The French psychoanalyst Jacques Lacan claimed that what he called "The Real" had a traumatic quality external to symbolization. As an object of anxiety, Lacan maintained that The Real is "the essential object which isn't an object any longer, but this something faced with which all words cease and all categories fail, the object of anxiety par excellence".
All psychological traumas originate from stress, a physiological response to an unpleasant stimulus. Long term stress increases the risk of poor mental health and mental disorders, which can be attributed to secretion of glucocorticoids for a long period of time. Such prolonged exposure causes many physiological dysfunctions such as the suppression of the immune system and increase in blood pressure. Not only does it affect the body physiologically, but a morphological change in the hippocampus also takes place. Studies showed that extreme stress early in life can disrupt normal development of hippocampus and impact its functions in adulthood. Studies surely show a correlation between the size of hippocampus and one's susceptibility to stress disorders. In times of war, psychological trauma has been known as shell shock or combat stress reaction. Psychological trauma may cause an acute stress reaction which may lead to posttraumatic stress disorder (PTSD). PTSD emerged as the label for this condition after the Vietnam War in which many veterans returned to their respective countries demoralized, and sometimes, addicted to psychoactive substances. The symptoms of PTSD must persist for at least a month for diagnosis. The main symptoms of PTSD consist of four main categories: Trauma (i.e. intense fear), reliving (i.e. flashbacks), avoidance behavior (i.e. emotional numbing), and hypervigilance (i.e. irritability). Research shows that about 60% of the US population reported as having experienced at least one traumatic symptom in their lives but only a small proportion actually develops PTSD. There is a correlation between the risk of PTSD and whether or not the act was inflicted deliberately by the offender. Psychological trauma is treated with therapy and, if indicated, psychotropic medications.
The term continuous post traumatic stress disorder (CTSD) was introduced into the trauma literature by Gill Straker (1987). It was originally used by South African clinicians to describe the effects of exposure to frequent, high levels of violence usually associated with civil conflict and political repression. The term is also applicable to the effects of exposure to contexts in which gang violence and crime are endemic as well as to the effects of ongoing exposure to life threats in high-risk occupations such as police, fire and emergency services.
As one of the processes of treatment, confrontation with their sources of trauma plays a crucial role. While critical incident debriefing people immediately after an event has not been shown to reduce incidence of PTSD, coming alongside people experiencing trauma in a supportive way has become standard practice.
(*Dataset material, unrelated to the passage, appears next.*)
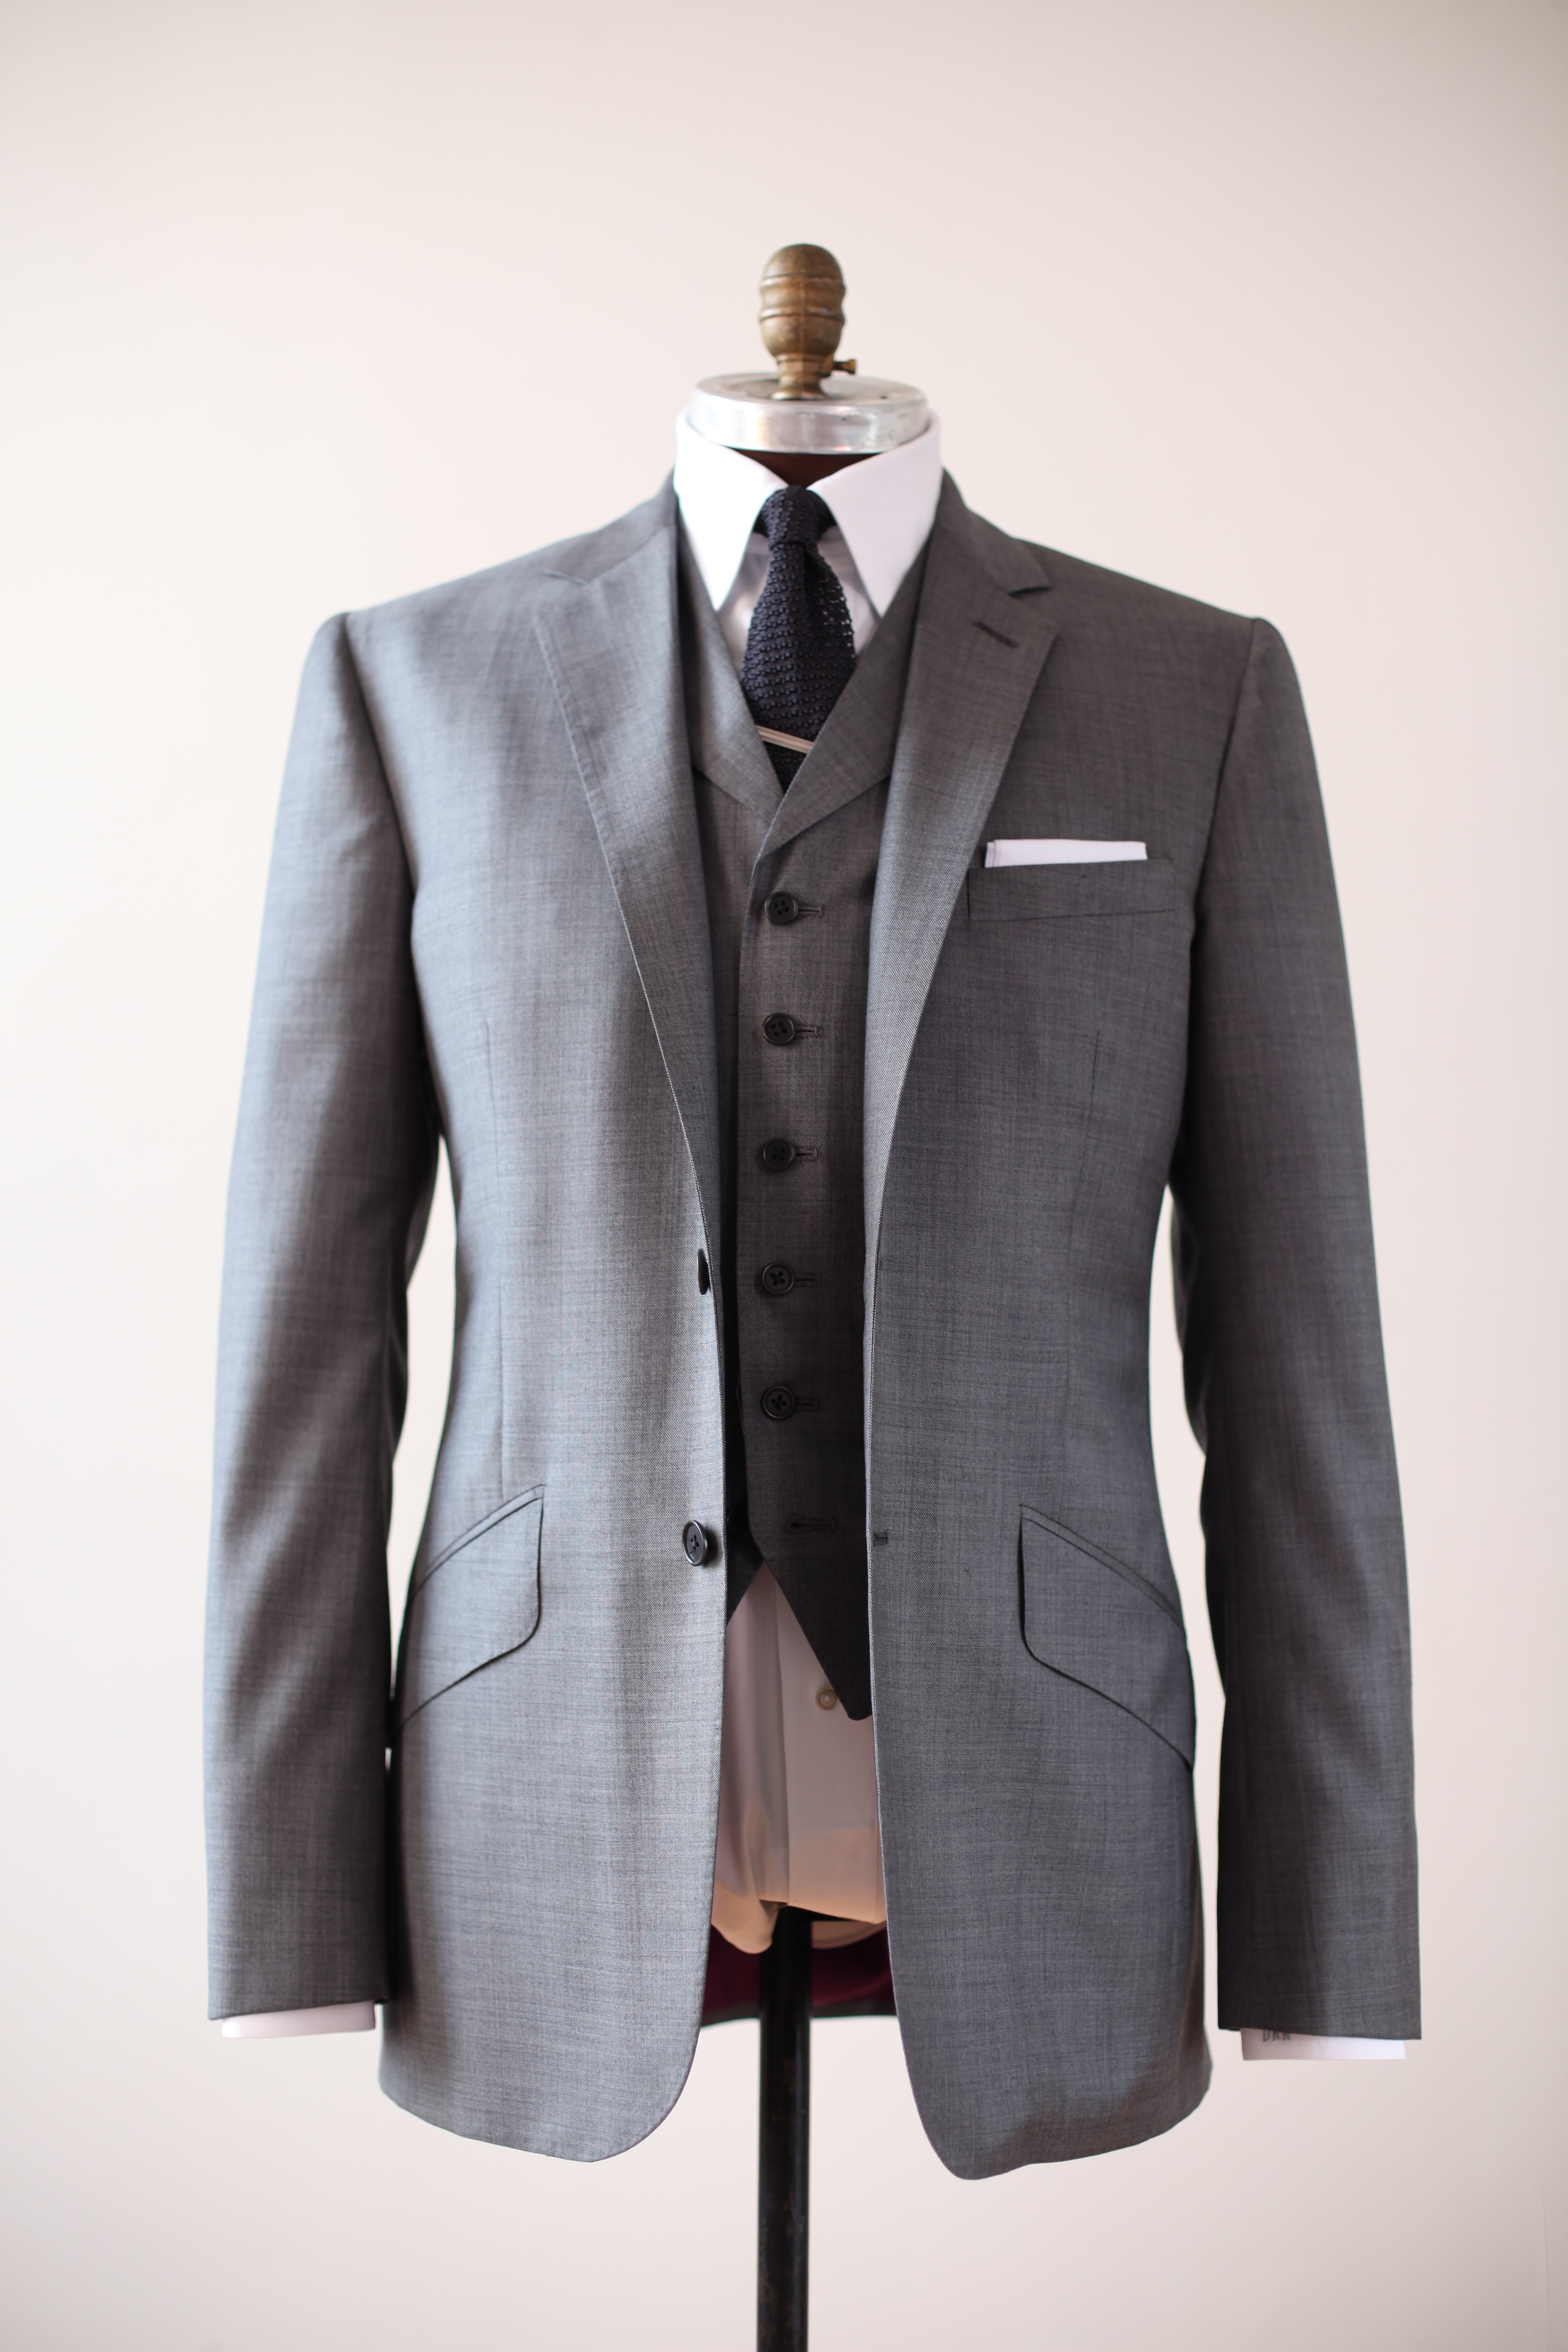 a reeves bespoke suit starts at $4000 with a 50% deposit to start and COMHXNT

Vicarious trauma affects workers being 'witnesses' to their clients' trauma. It is more likely to occur in situations where trauma related work is the norm rather than the exception. Listening with empathy to the clients generates feeling, and 'seeing oneself' in clients' trauma may compound the risk for developing trauma symptoms. May also result if we are witness to situations that happen in the course of our work (e.g. violence in the workplace, reviewing violent video tapes, etc). Risk increases with exposure and with the absence of seeking protective factors and pre-preparation of preventive strategies.